We need to develop two types of procedures. The management systems dedicated to the operation of the management system and the safety ones dedicated to the application of the controls present in Annex A of ISO 27001. We begin to develop the management systems
With the following indications you can develop the information security management system in its most operational part, that is the one dedicated to the processes and therefore to the procedures that govern them.
If with the analysis of the context and the assessment of the risks for information security, the company has understood which information to protect and from which risks, with the planning the company decides how to protect the information by defining the Security Plan of the information, as required by the requirements of point 6 of ISO 27001
The controls of Annex A of the standard, identified in the Information Security Plan, must be integrated into the activities of the company.

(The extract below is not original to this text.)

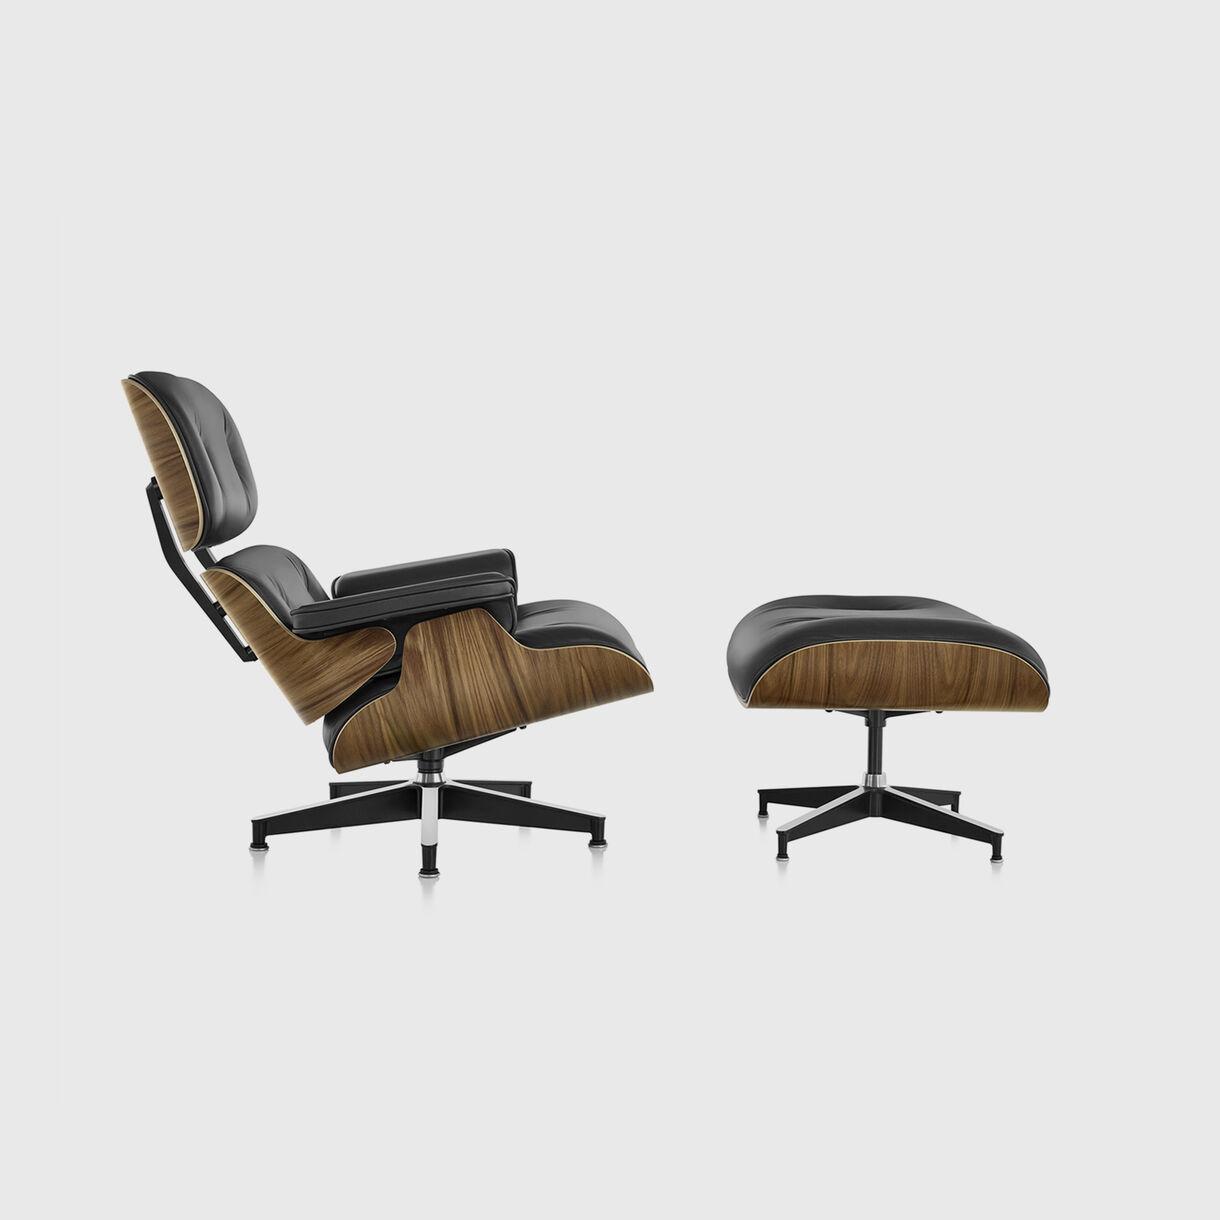 Eames Lounge Chair & Ottoman, Walnut & Black, Side

That is, they must be \ “practically applied \” in the concrete performance of work activities:
- By company personnel who process information (process managers, operators, etc.)

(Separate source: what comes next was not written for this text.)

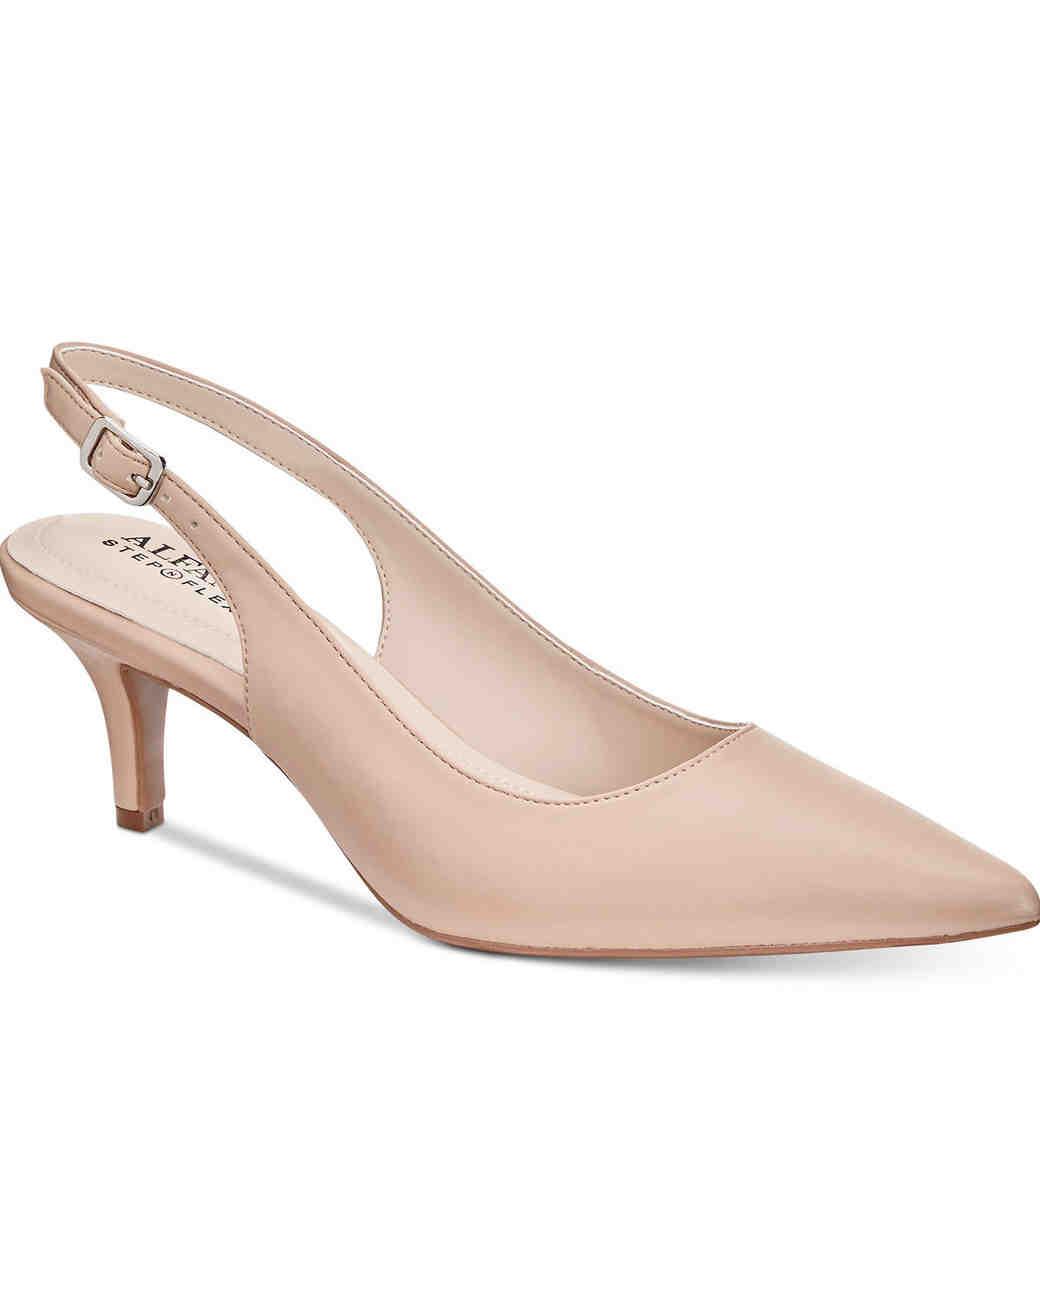 nude shoe crystal embellished suede mules

- By company personnel identified to protect information (system administrator, IT manager, information system manager, etc.)
The management procedures
To develop the information security management system efficiently, it is advisable to first develop the management procedures that govern the operation of the company according to the requirements of ISO 27001.
Among these, we suggest developing the procedures dedicated to the following aspects:
- Context monitoring
- Organization of company personnel
- Risk and opportunity management
- Goal elaboration and management
- Asset management
- Personnel and skills management
- Communication management
- Management of documented information
- Monitoring, measurement and analysis of safety-related results
- Organization and management of internal audits
- Management review
- Management of non-conformities
- System improvement
Within the work phases governed by these procedures, as far as possible, the information security controls must be integrated as required by the Information Security Plan.
For example, in the procedure relating to the management of security assets, the controls of Annex A dedicated to the management of the assets of which we report the list must be integrated:
- 8.1.1 Inventory of assets
- 8.1.2 Asset liability
- 8.1.3 Acceptable Use of Assets
- 8.1.4 Return of assets
the controls of Annex A relating to human resources, such as those of point 7, be integrated:
- 7.1.1 Screening
- 7.1.2 Terms and conditions of use
- 7.2.1 Management Responsibilities
- 7.2.2 Awareness, education, training
- 7.2.3 Disciplinary process
- 7.3.1 Termination or variation of responsibilities
The safety procedures
To implement some information security controls, listed in Annex A of ISO 27001, it is advisable to create dedicated procedures (security procedures) rather than integrate them into management procedures.
- Teleworking
- Access control
- Cryptography
- Physical and environmental security
- Operational safety
- The security of communications
- The management of the information system
- Disaster recovery (the management of security incidents)
- Business continuity
- Compliance with laws, regulations, decree
These are security controls whose complexity requires the specific development of targeted procedures.